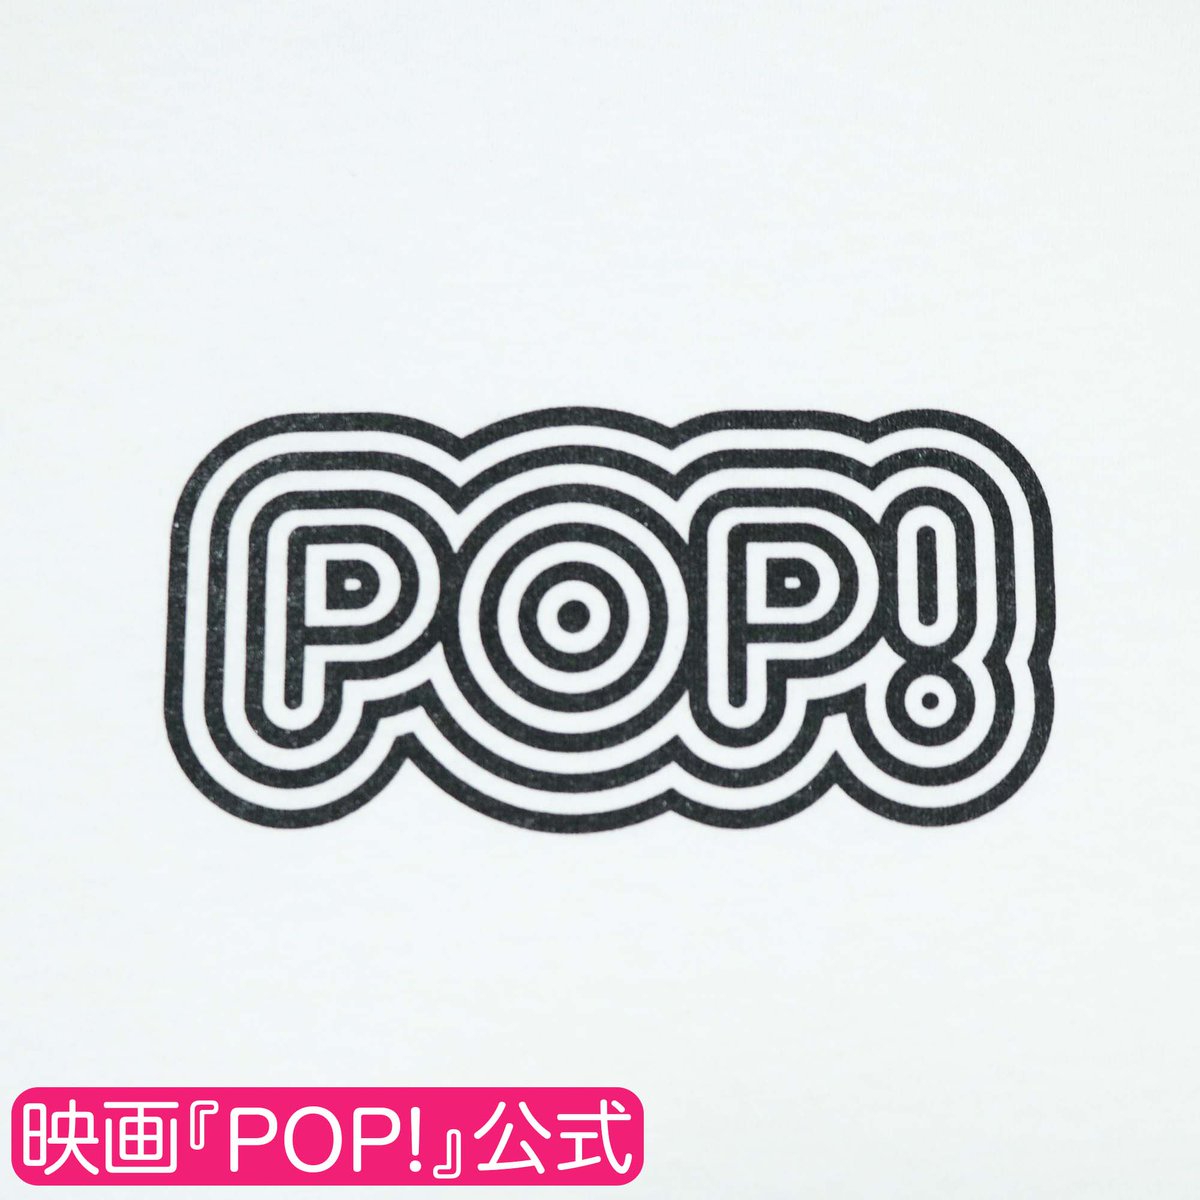 【FLaMme Mail Order】

＼映画『POP！』公式ロングTシャツ🌏／
“POP！”のロゴが入ったロンTはシンプルなデザインなので、自分なりにアレンジを加えて、“POP！”に着こなしてもいいかも👍
ふだん着としても、ルームウエアとしても活躍するはず🕺‼️

#小野莉奈 #野村麻純

🛒shop.fannect.jp/flamme/syousai…
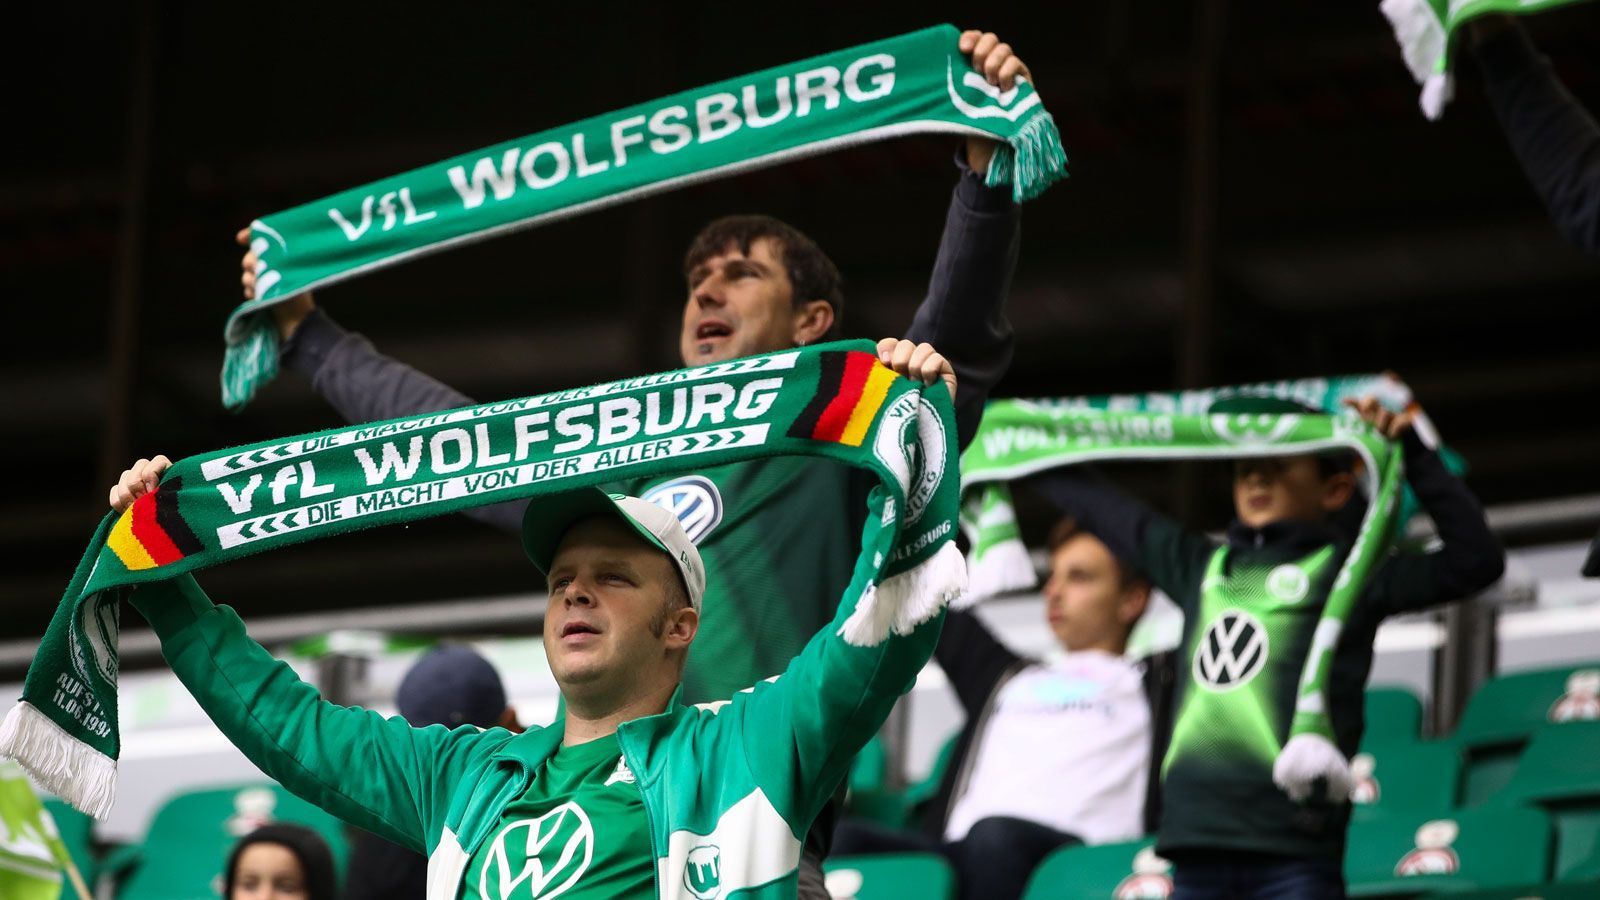 
                <strong>VfL Wolfsburg - Arminia Bielefeld</strong><br>
                 - Stadion: Volkswagen Arena - Kapazität: 30.000 - Zugelassene Zuschauer: 6.000 - 7-Tage-Inzidenz: 16,1
              
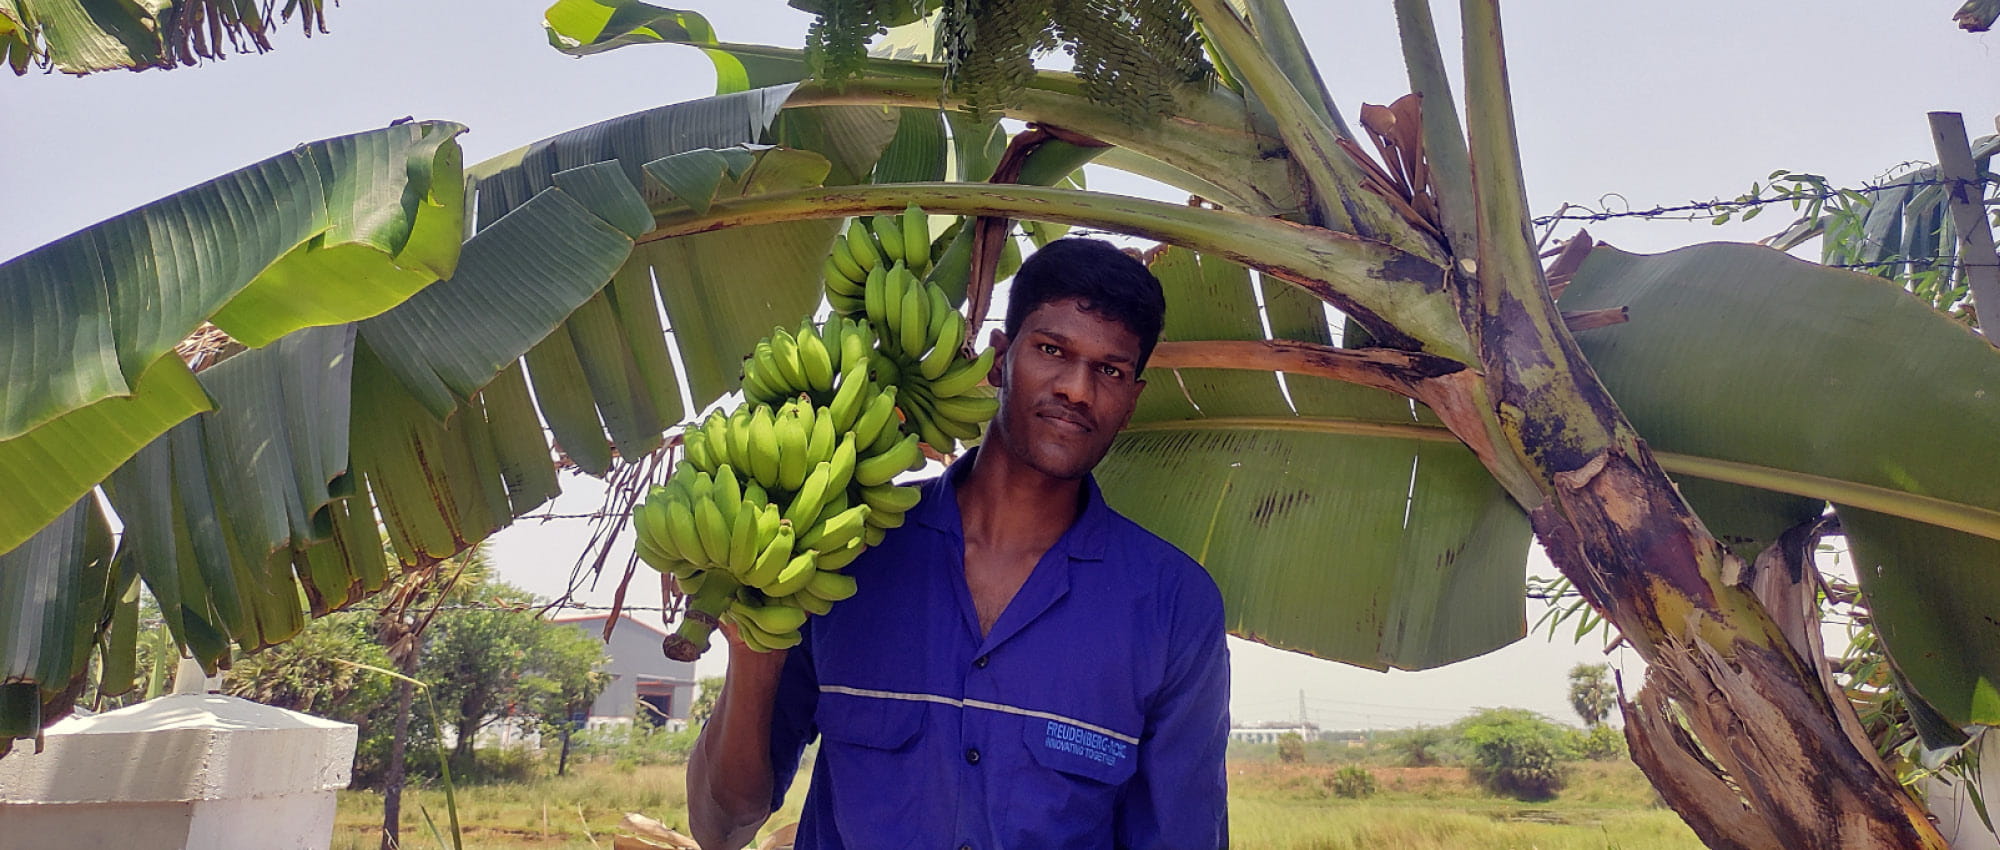 Ein Mann in blauem Shirt steht vor einer Bananenpflanze und hält eine Bananenstaude in der Hand. 
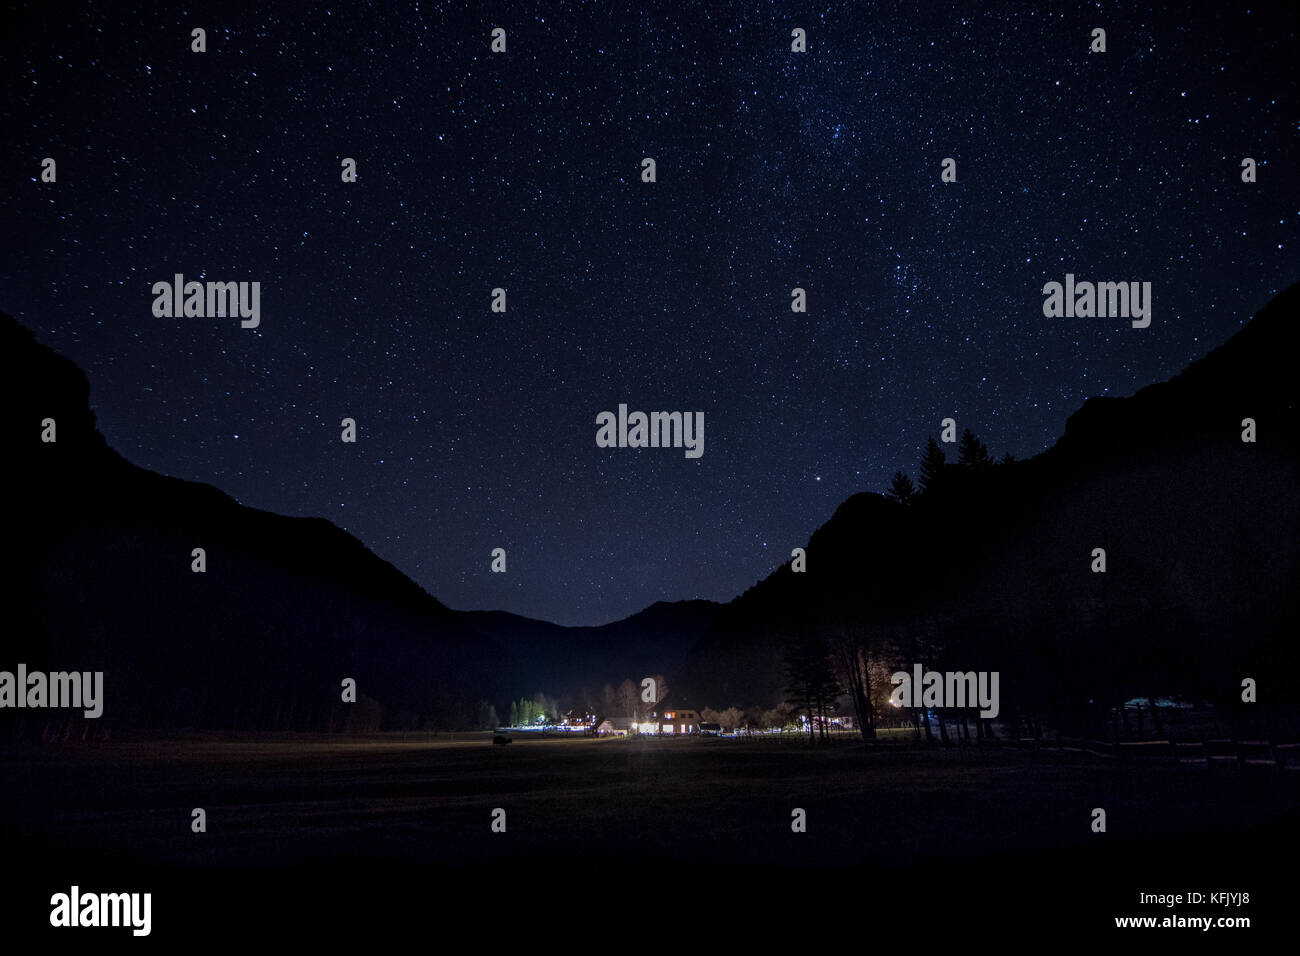 Paesaggio notturno, illuminato Alpine lodge, silhouette di montagna e cielo stellato Foto Stock
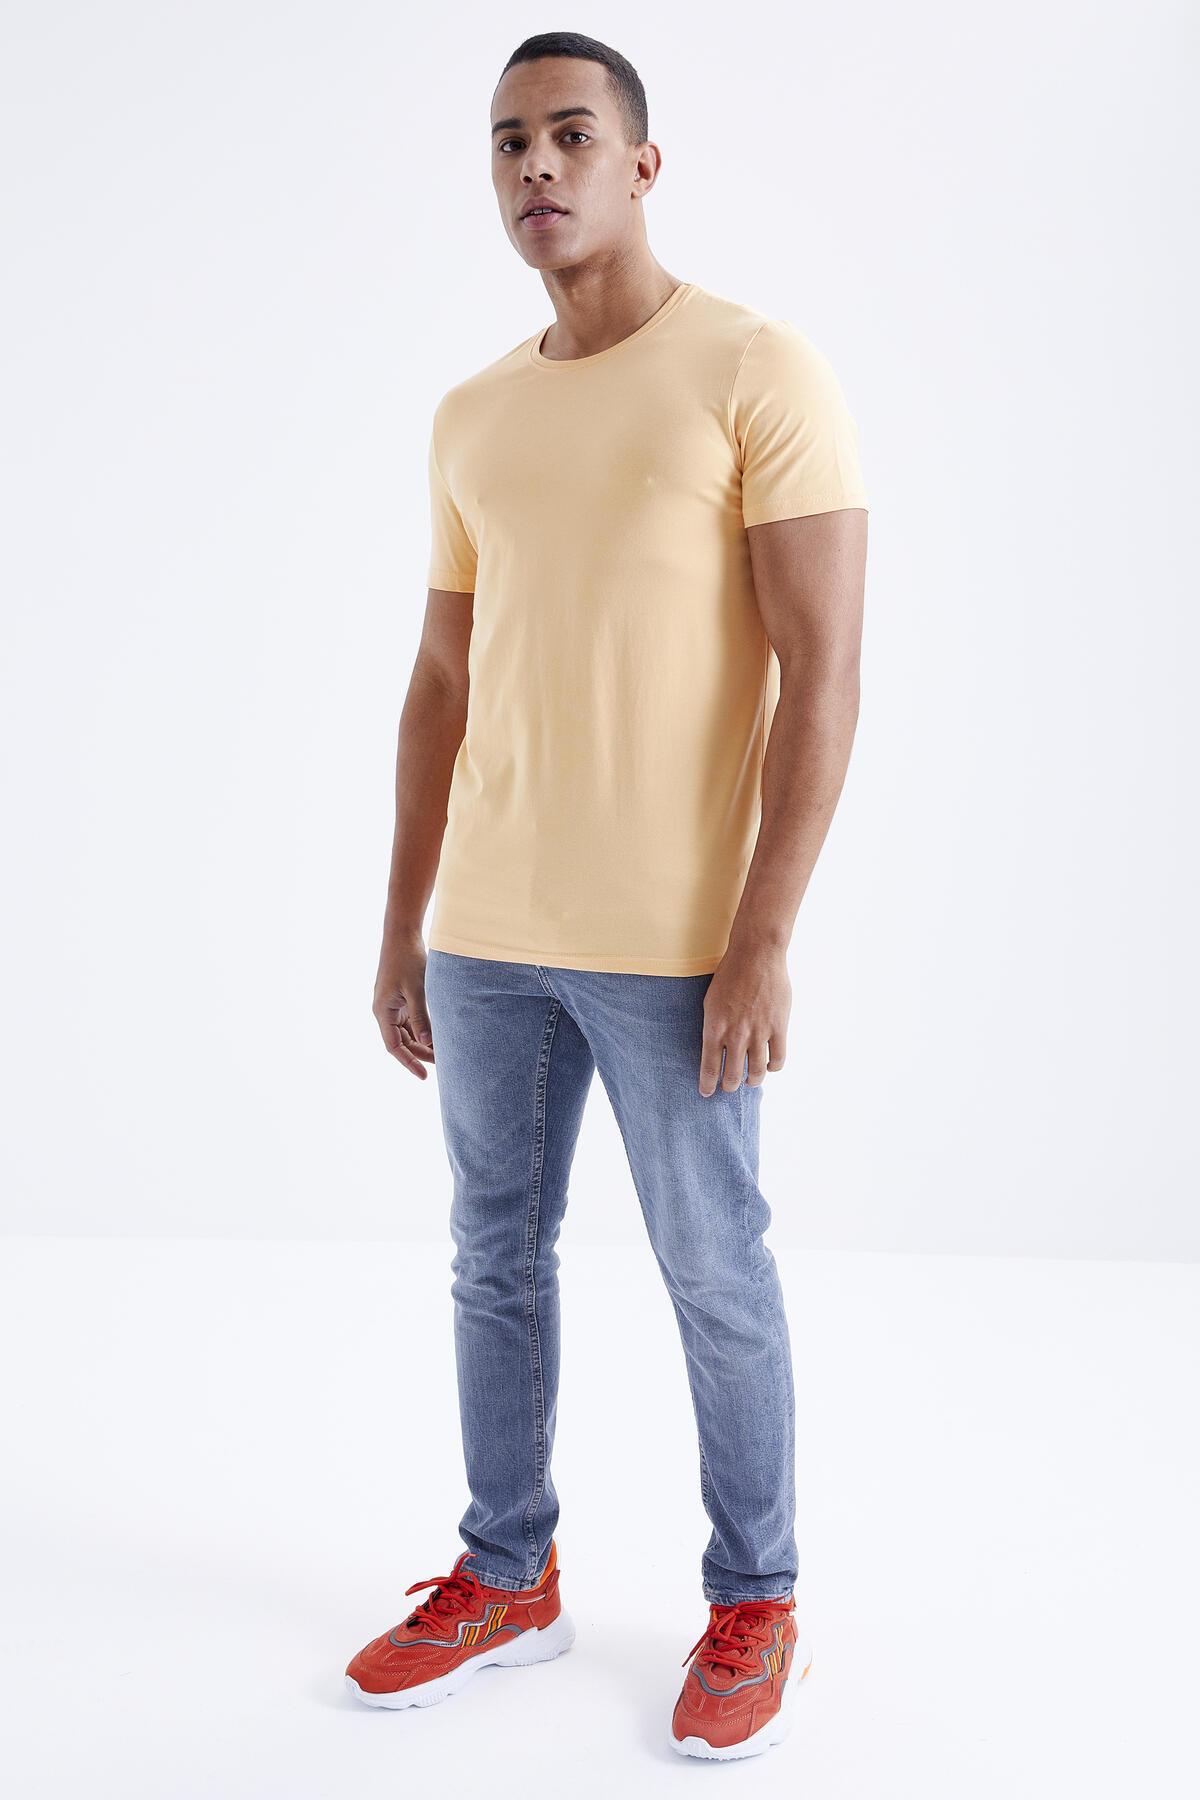 Men's Basic Short Sleeve Standard Mold O Neck T-shirt - 87911
• • • • •
TRY IT
Pictures excluded, repeat exactly the lines from the top of the material through the line with "<strong>VfL Wolfsburg - Arminia", including both of those lines.

RESPONSE AREA
 【FLaMme Mail Order】

＼映画『POP！』公式ロングTシャツ🌏／
“POP！”のロゴが入ったロンTはシンプルなデザインなので、自分なりにアレンジを加えて、“POP！”に着こなしてもいいかも👍
ふだん着としても、ルームウエアとしても活躍するはず🕺‼️

#小野莉奈 #野村麻純

🛒shop.fannect.jp/flamme/syousai…
                <strong>VfL Wolfsburg - Arminia Bielefeld</strong><br>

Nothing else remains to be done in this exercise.